Response to the edit: A way to make it prettily inlineable is

  std::cout << std::accumulate(begin(s), end(s), 0,
                               [](int last, int x) {
                                 return last + 1 == x ? x : last;
                               }) + 1 << '\n';

...but this is less efficient because it does not short-circuit when it finds a gap. Another way that does short-circuit is

std::cout << *std::mismatch(begin     (s),
                            prev(end  (s)),
                            next(begin(s)),
                            [](int lhs, int rhs) { 
                              return lhs + 1 == rhs;
                            }).first + 1 << '\n';


回答2:

Have you tried adjacent_find?

#include <algorithm>
#include <iostream>
#include <set>

int main()
{
    std::set<int> foo{0, 1, 2, 4};
    auto it = std::adjacent_find(begin(foo), end(foo),
         [](auto e1, auto e2){ return (e2 - e1) > 1; });

    // precondition: foo is not empty
    if (it == end(foo)) --it;
    std::cout << *it+1;
}

EDIT: OK, if you consider Boost standard enough, you can do this, which is damn nice:

#include <algorithm>
#include <boost/iterator/counting_iterator.hpp>
#include <set>
#include <iostream>

int main()
{
    std::set<int> foo{0, 1, 2, 4};
    auto it =
        std::mismatch(
           begin(foo), end(foo),
           boost::counting_iterator<int>(*begin(foo))
        );
    std::cout << *it.second;
}

Live example.

EDIT 2: another one I thought of while reading another question:

int i = 0;
std::find_if(begin(foo), end(foo),
    [&i](int e){ return e != i++; });
std::cout << i;

Which is just another way of previus one with mismatch.



回答3:

You're hitting a fringe case. Your while loop is failing once i == location at the end of the set. In this case it is ending at i == 3. You need to let i walk past the bounds of your array in order to make this work.

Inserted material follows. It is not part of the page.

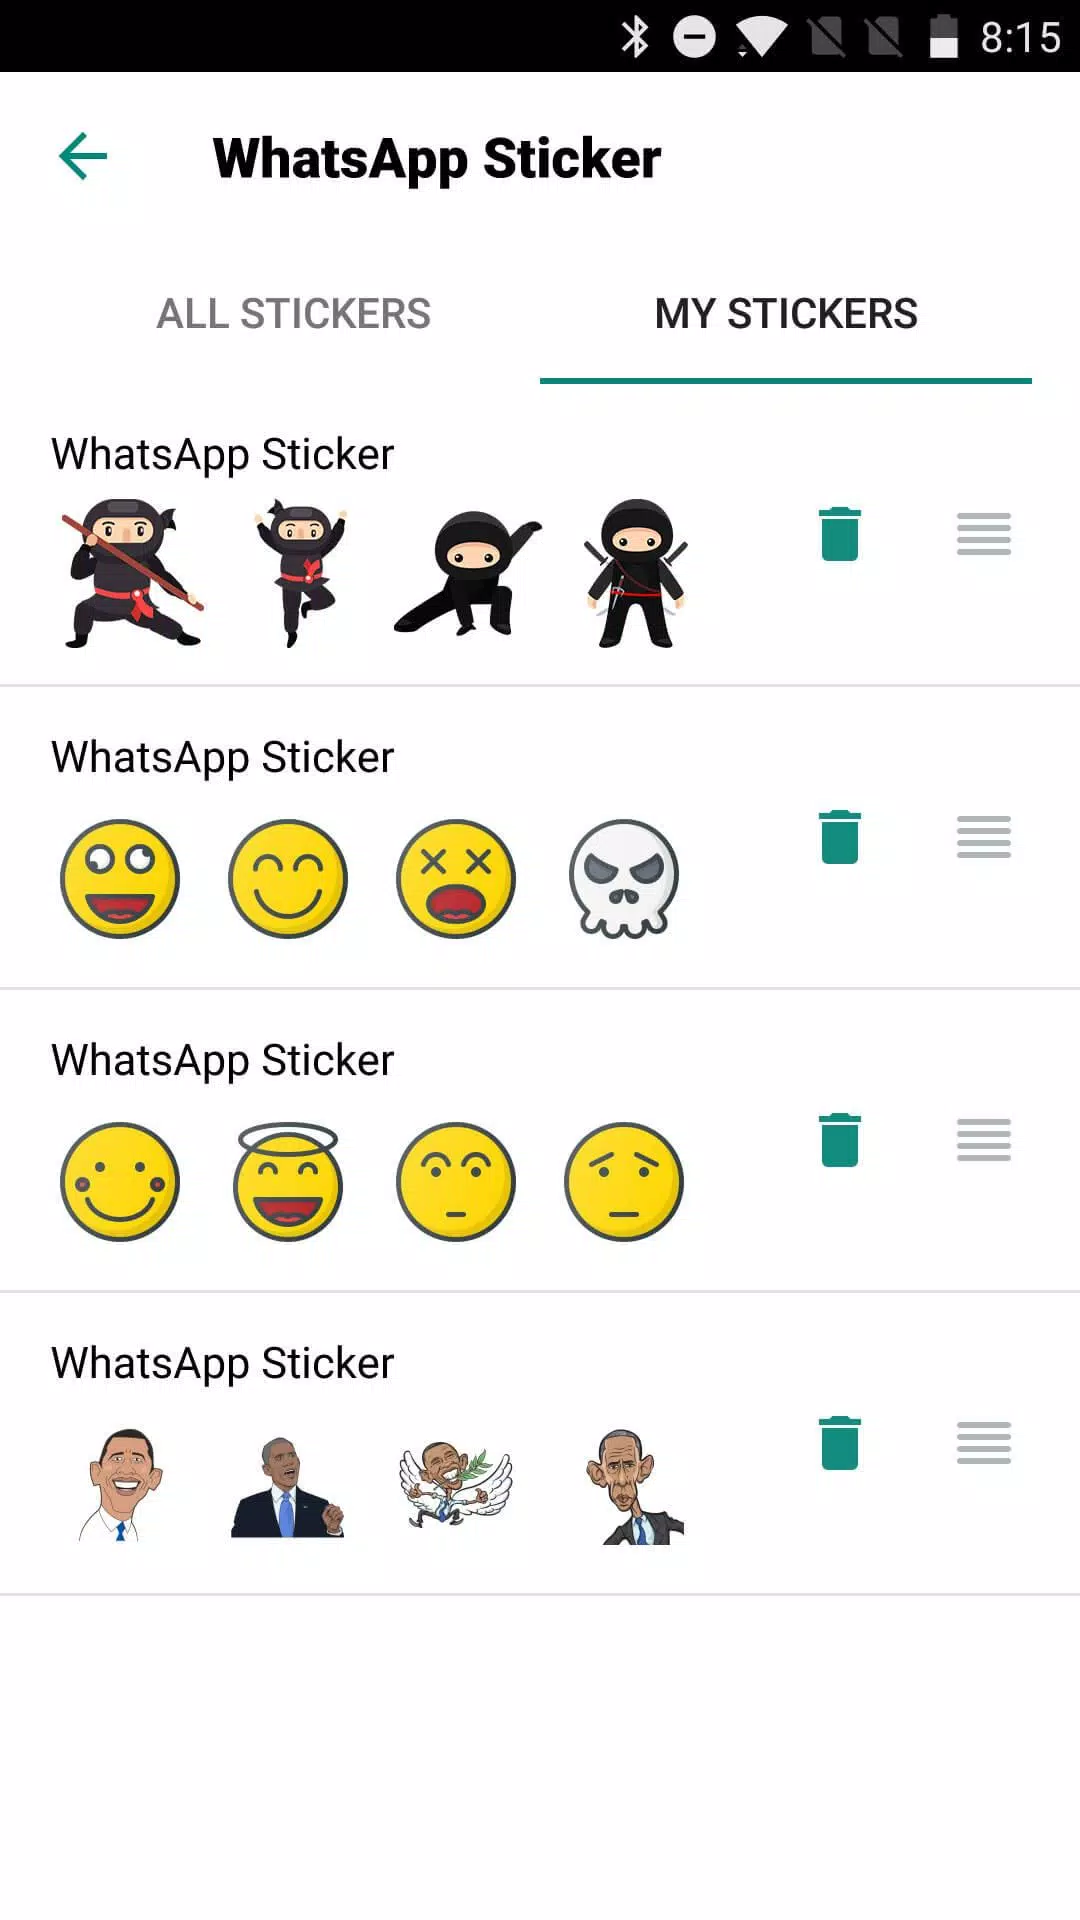 Messenger From Facebook: How to Use the Subway Surfers Sticker Pack

You can do this by changing line 2 to :

while (++i **<**= prev(foo.end()) && *prev(i) + 1 == *i);

By making it <=, i will fail once it is past the value at the end of foo.

Here's a few other things to think about: 1) Sets aren't guaranteed to be sorted. 2) What happens in the situation where set foo(0, 1, 1); i.e. duplicates where the one that fails is correct but it is also the one at the end of the set?

You'll need a slightly more complex algorithm to catch all of these cases.